[Date Prev][Date Next][Thread Prev][Thread Next]
[Date Index]
[Thread Index]
- Subject: Argh! Regular expressions in Lua
- From: Philippe Lhoste <PhiLho@...>
- Date: Wed, 22 Nov 2006 13:33:53 +0100
For a long time, I didn't used regular expressions (REs), except perhaps
in simple cases with Unix tools.
Then, I (re-)discovered them in Lua, and some simple examples shown me
they are useful and not so hard to use.
Then SciTE, my favorite editor, added them and I found myself using them
more and more.
And I started using them in programming, with PHP, JavaScript, Java, and
recently AutoHotkey (which added PCRE support).
I even looked at various engines (SciTE's one, simple and easy to
follow, Henry Spencer's ones (more complicated, less readable), Gnu's
one (Java, bloated!), PCRE's one (very complex), etc.) and I hacked a
bit SciTE's engine to add support for \d \s \w \xHH notations (to be
submitted).
I know that Lua's RE engine is hand-made by Roberto (IIRC) and intently
kept simple and small. That's why it has no alternatives (foo|bar) which
is annoying but we can live without that, nor advanced bells and
whistles like lookaround assertions.
I recently wrote in AutoHotkey a program to parse a script in this
language, to extract a list of functions definitions.
It is a simple automaton, using simple REs to match expected syntax in
each line. So I thought it would be easy to rewrite it in Lua, so I can
use it in SciTE.
Alas, it did not worked, as I forgot an important limitation: repetition
symbols apply only to character classes, not to sub-patterns!
So to take a classical stupid example, I can't write (ab)* to match
ababab...
And, more practically, I can't write something like: %s*(%s;.*)?$
Nor: (%)%s*(%{)?)?
The (%})? can be rewritten as (}?) of course, but still I can't write
the complete expression.
I can, and will, workaround this, searching after the last match and so
on. Yet, this is frustrating, adding complexity to the script.
So, the point of my message is: is there a compelling reason for such
limitation?
I can understand reasons like lack of time for making better engine, or
such feature would have grown the engine too much.
And the second point is: would the Lua team accept a patch in this
domain, for the future v.5.2?
If that's 'no', I won't even try. Instead of hacking, I would write a
wrapper for PCRE, for example. But it wouldn't be usable in SciTE, for
example.
If that's 'maybe', I can take a look, no promise done, but I believe I
have some time before 5.2 is out anyway...
I can accept that my patch is rejected if badly written, buggy or too
big, but I won't spend time there if rejected by principle.

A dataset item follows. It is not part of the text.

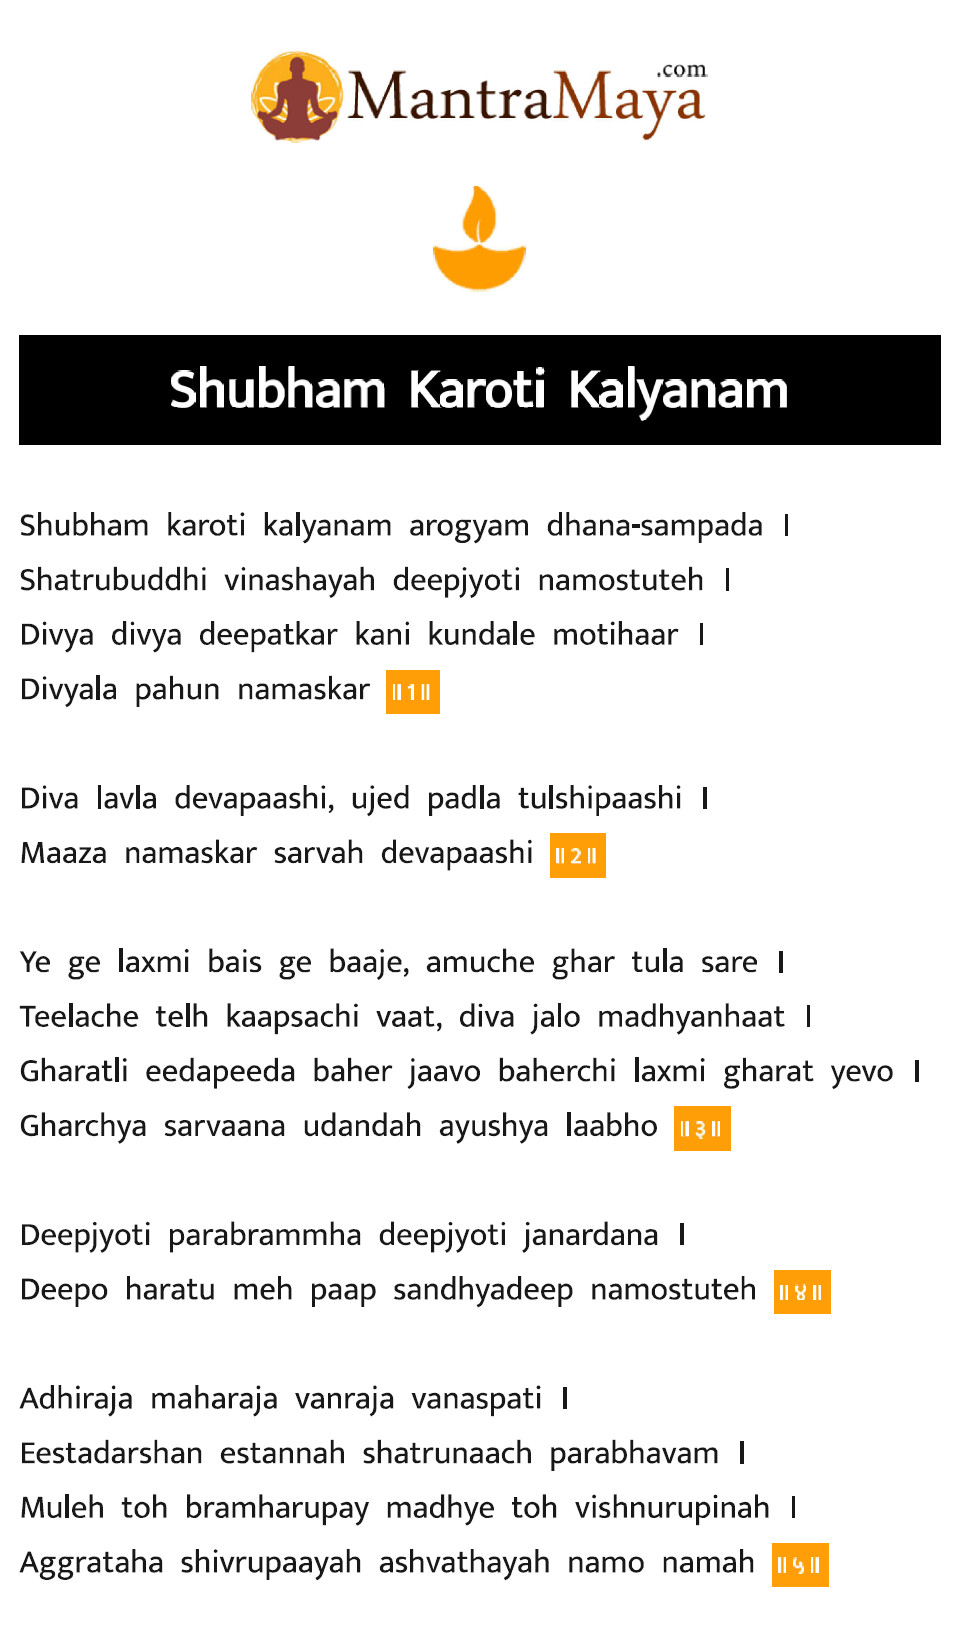 Lata mangeshkar shubham karoti kalyanam lyrics
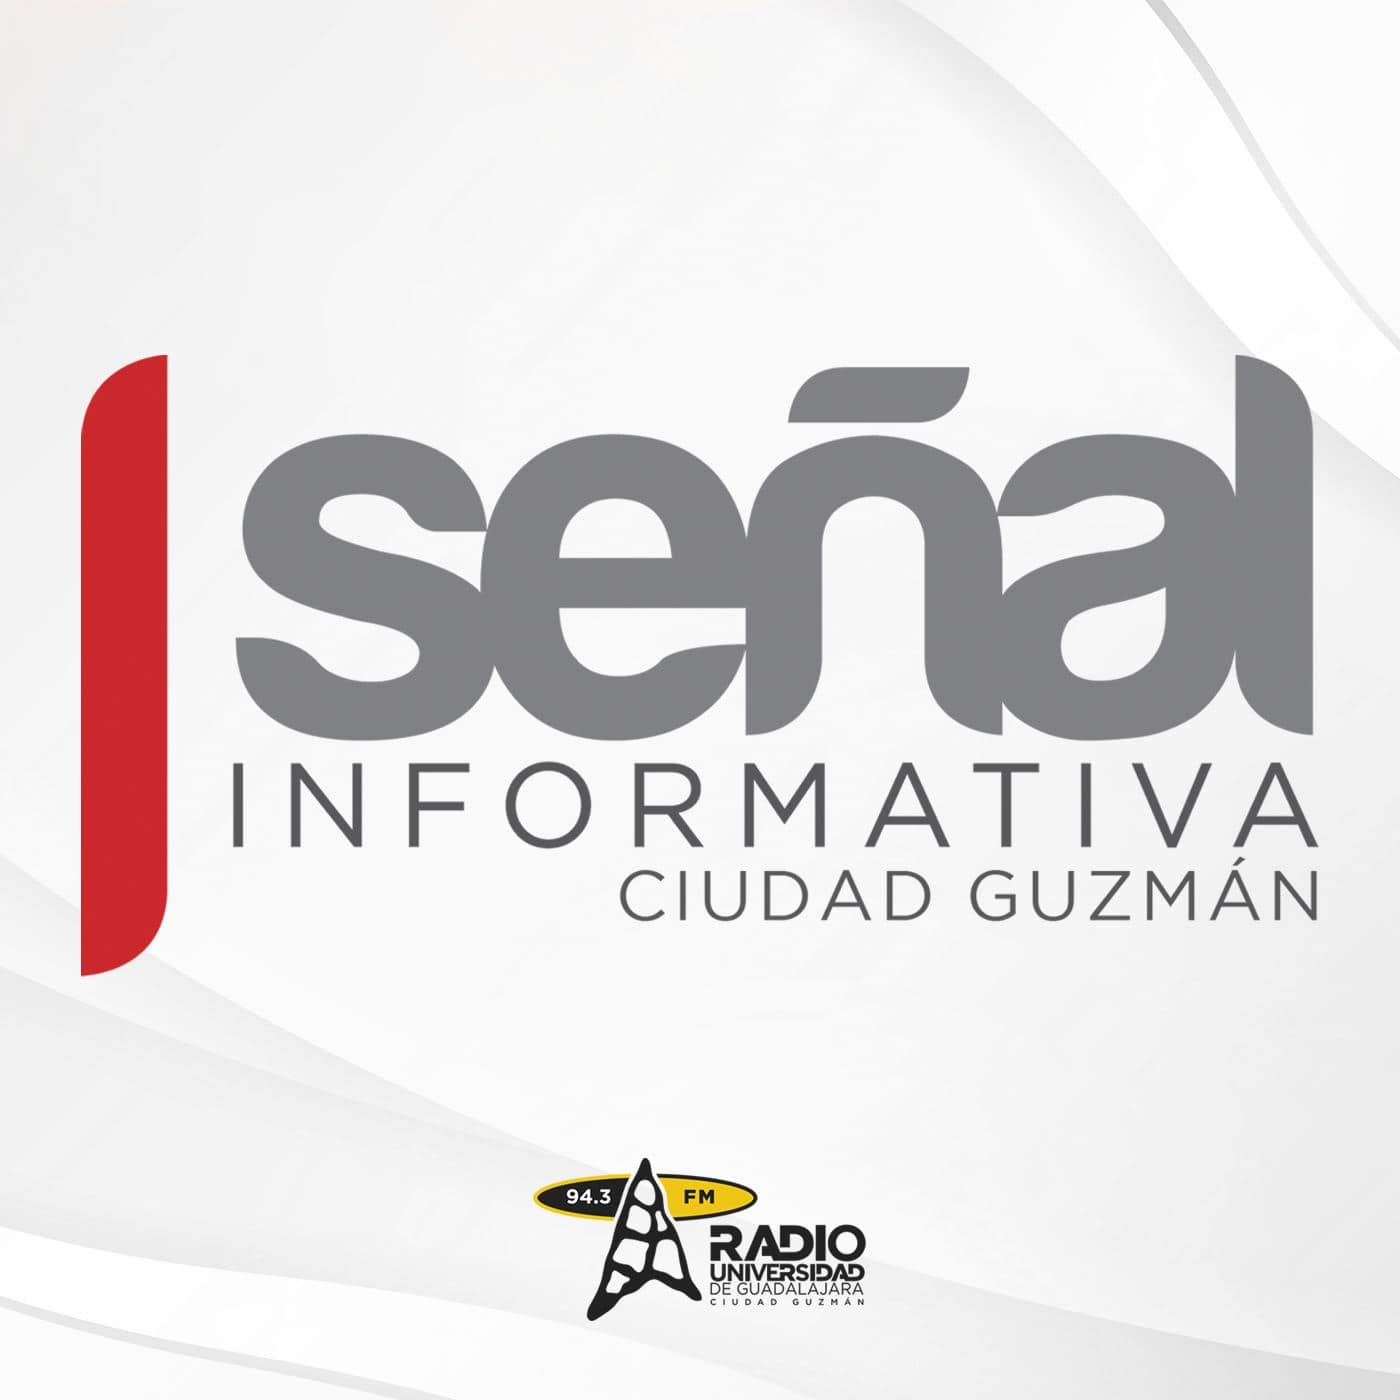 Señal Informativa Ciudad Guzmán - 31de octubre

Well, if patches are accepted, I might attempt as well to implement
repetition ranges, like {m,n}.
Alternatives are out of question, as it would need to rewrite completely
the engine...
BTW, I found myself wishing to have a continue keyword to use in the
parsing loop, avoiding excessive 'if' nesting and indenting.
I recall having read many times debates on its usefulness, and still
can't recall an official reason why it isn't in the language. I am too
lazy (read 'no time for that') to search the mailing list archive.
Perhaps somebody will be courageous / bored enough to dig out the
reasons / arguments and put them in the Faq on the Wiki.
Would be useful too for the global-by-default / local-by-default
discussions, and perhaps the ++ -- += -= bitwise-operators... :-)
--
Philippe Lhoste
-- (near) Paris -- France
-- http://Phi.Lho.free.fr
-- -- -- -- -- -- -- -- -- -- -- -- -- --